I maid up this (key) word because as a matter of fact, we, French speaking people, do have to crawl down many screens to find French content. For genuine French words, it is not a problem, but with personal name - popular in both English and French sphere - it becomes hard to retreive French pages about such "shared personality".

"QuiEst" is a tag. I'm having hard time finding quick bio on people I met, I read or have been reading about. Google's "Define:" does list only english definition. I need French ones. Here comes the power of "QuiEst".

As an example, by writing a French post about, let say, John Lennon, titled "QuiEst John Lennon", it should now pop up in the first search engine return page (SERP) if you google it. For this very example, we might have, after a while, a whole bunch of such "QuiEst" posts. Thanks to Google's power, the best ranked will stay in the first screen anyway.
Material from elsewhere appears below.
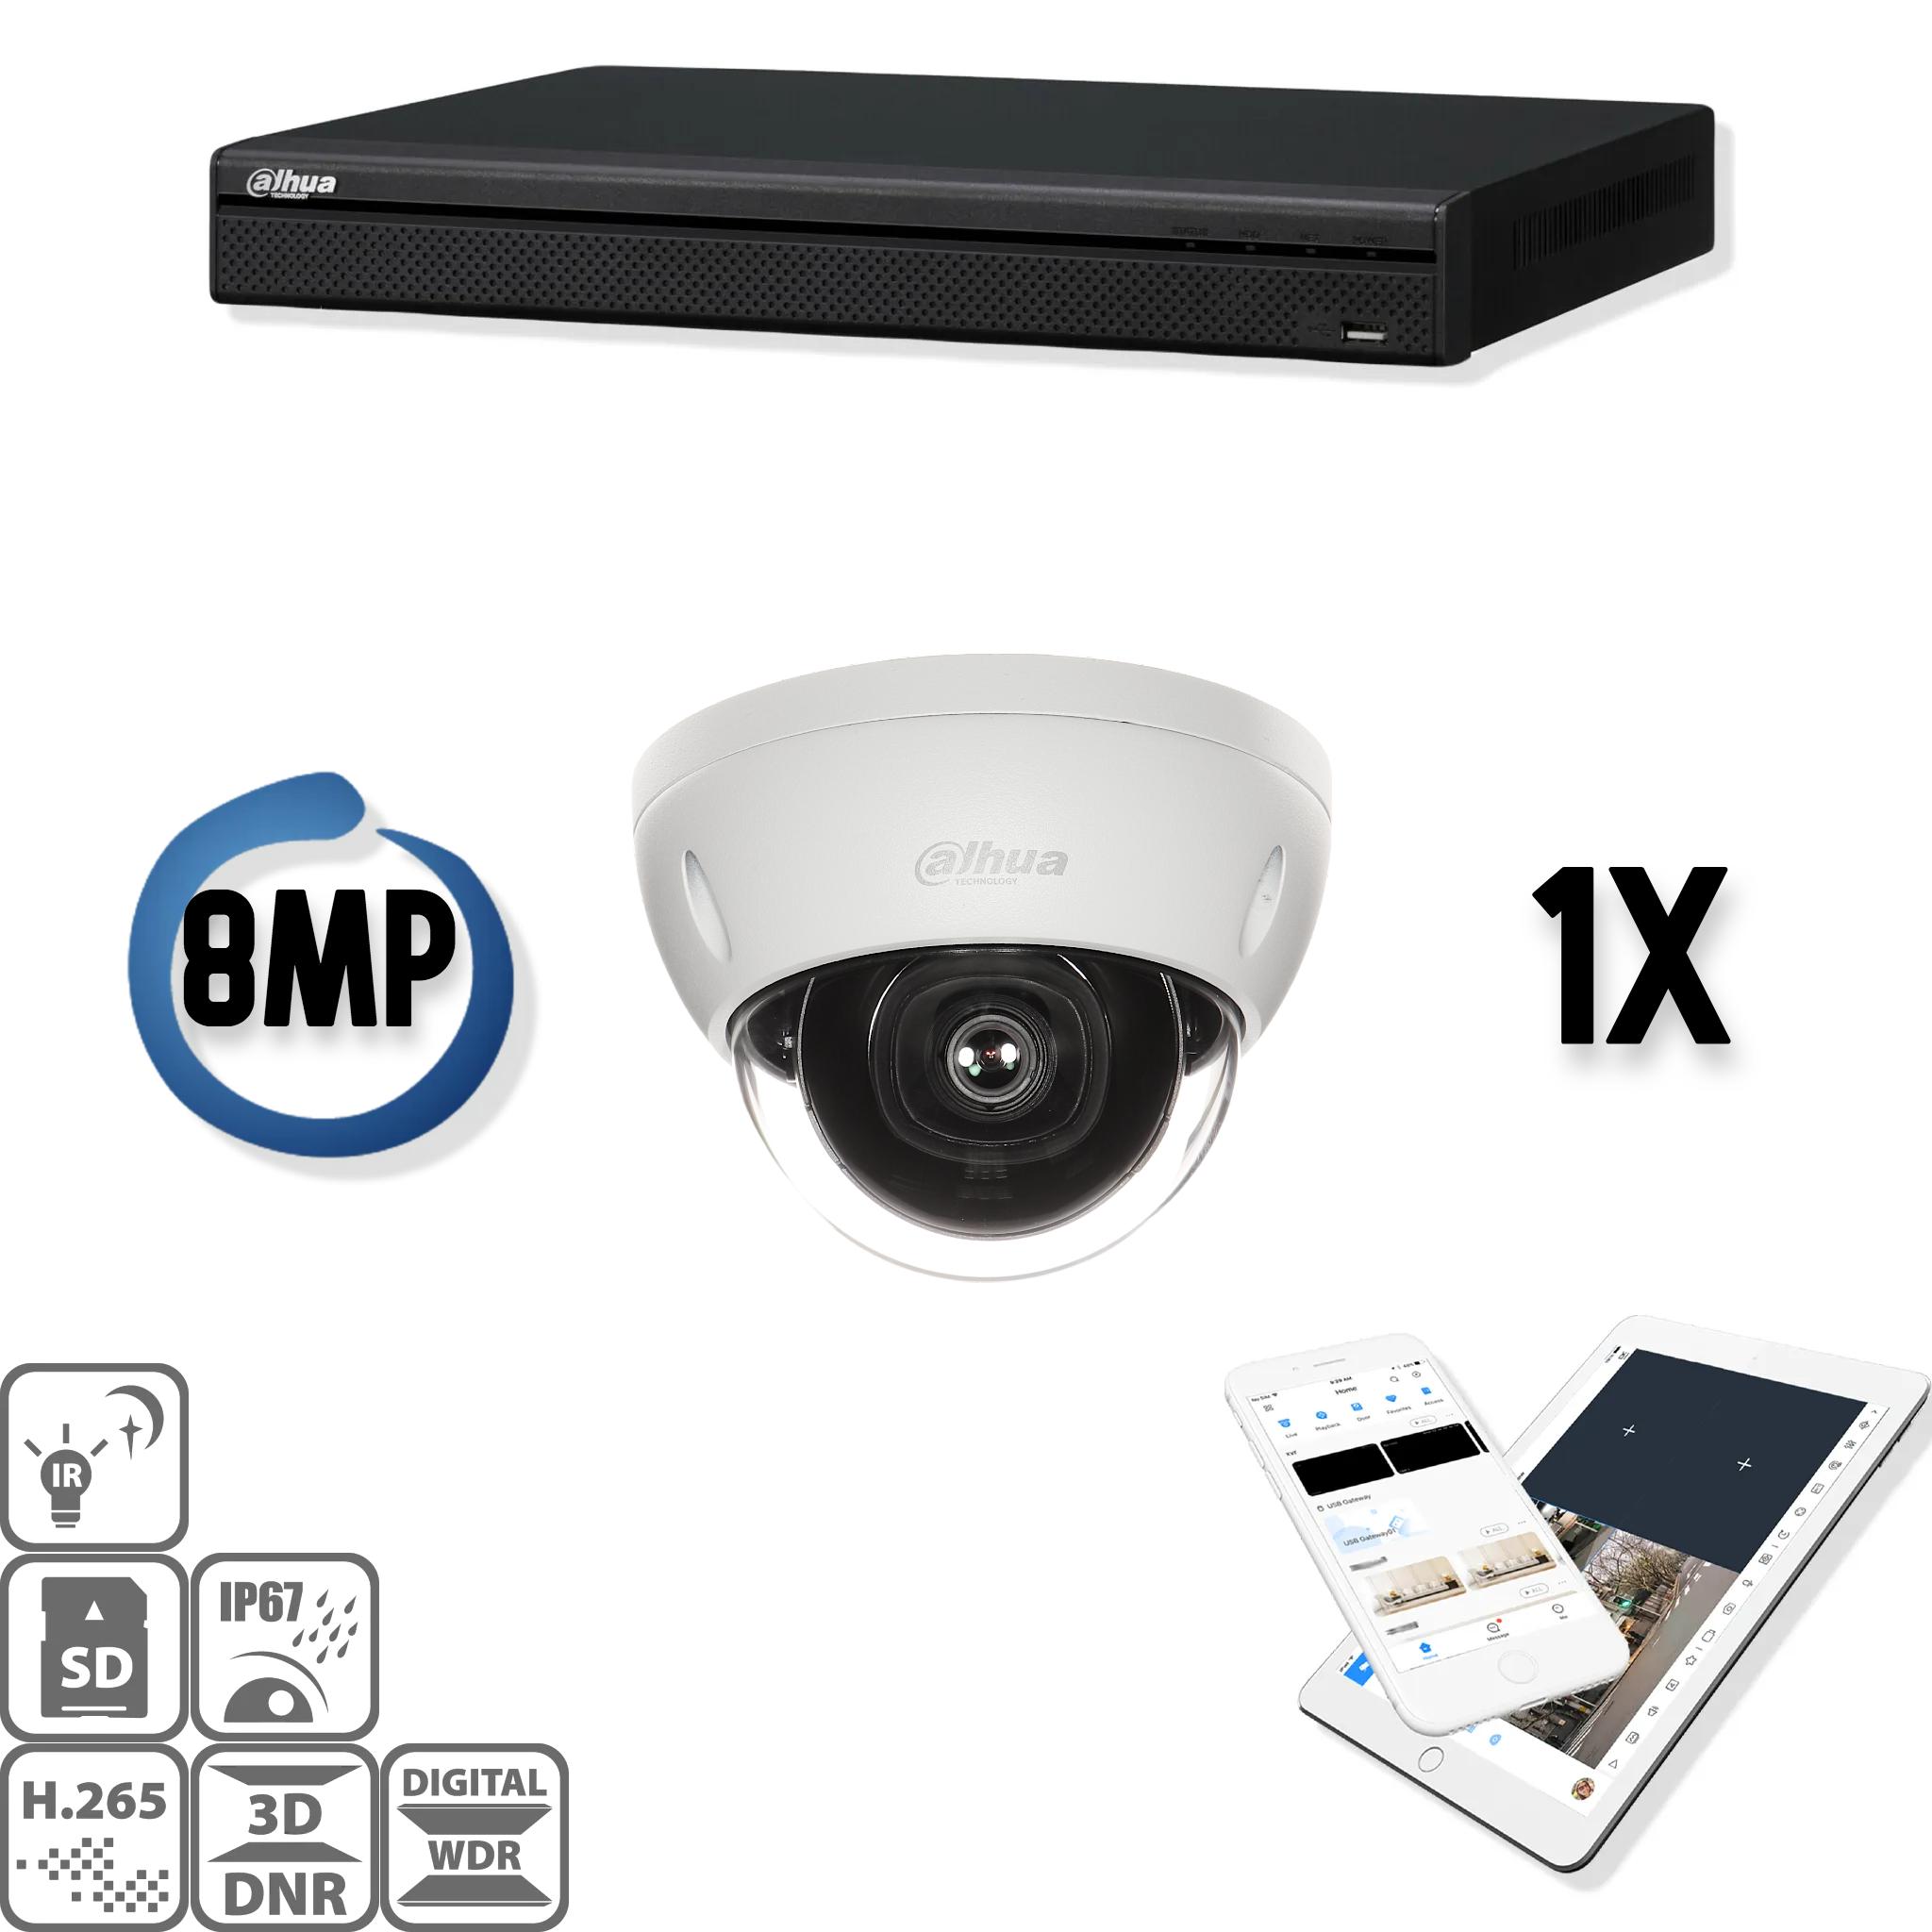 Le kit de sécurité Dahua IP 1x dôme 8mp Ultra HD contient 1 caméra dôme IP, qui convient à une utilisation intérieure ou extérieure. La caméra a une qualité d'image Ultra HD avec des LED IR pour une vue parfaite dans l'obscurité. Cet ensemble de caméras I
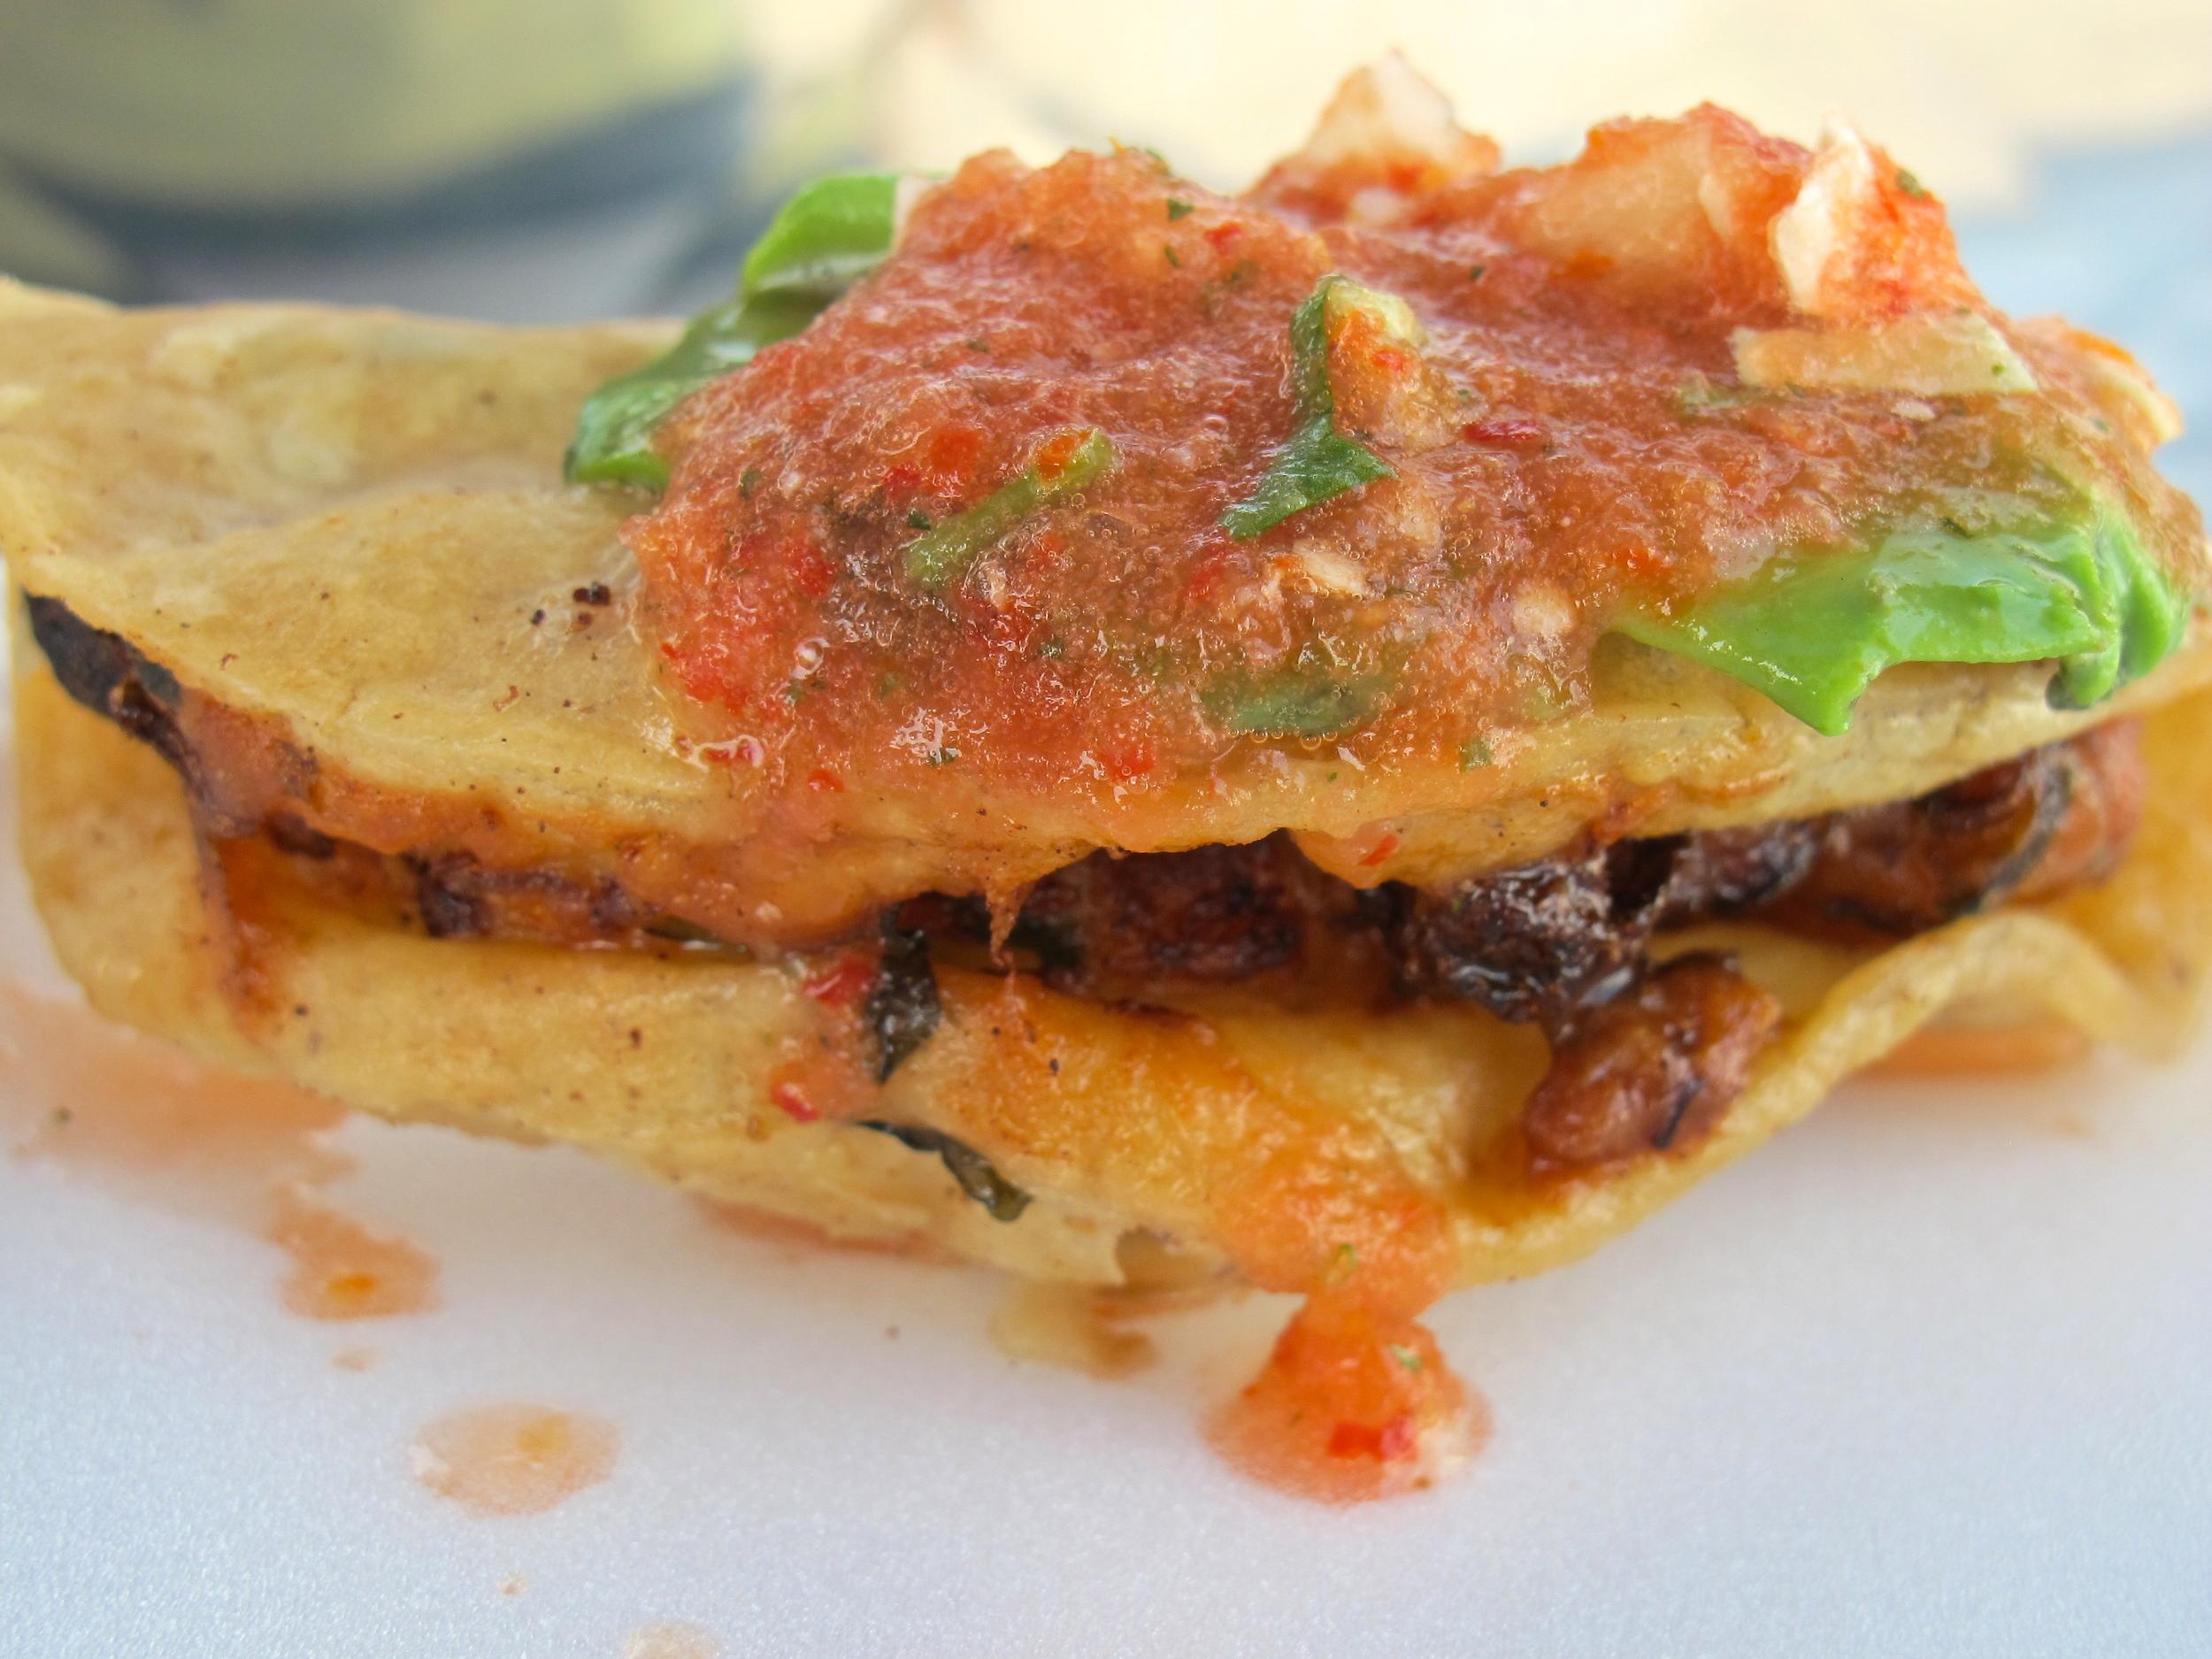 Mariscos Jalisco's crispy shrimp taco

Lucas already tried this. Google him with QuiEst Lucas Gonze. You should find his comment about my initiative.

It is what I call a (useful) meme or a (friendly) Google bomb. It is part "wikipedia collaboration spirit", part decentralized Google's "Define:" feature.

Every language can do it, as long as the tag word doesn't exist in another language. In fact any combinaison of letters can be used. A meaningful one seems better to create a meme-like effect and become a decentralized standard using remote power from Google...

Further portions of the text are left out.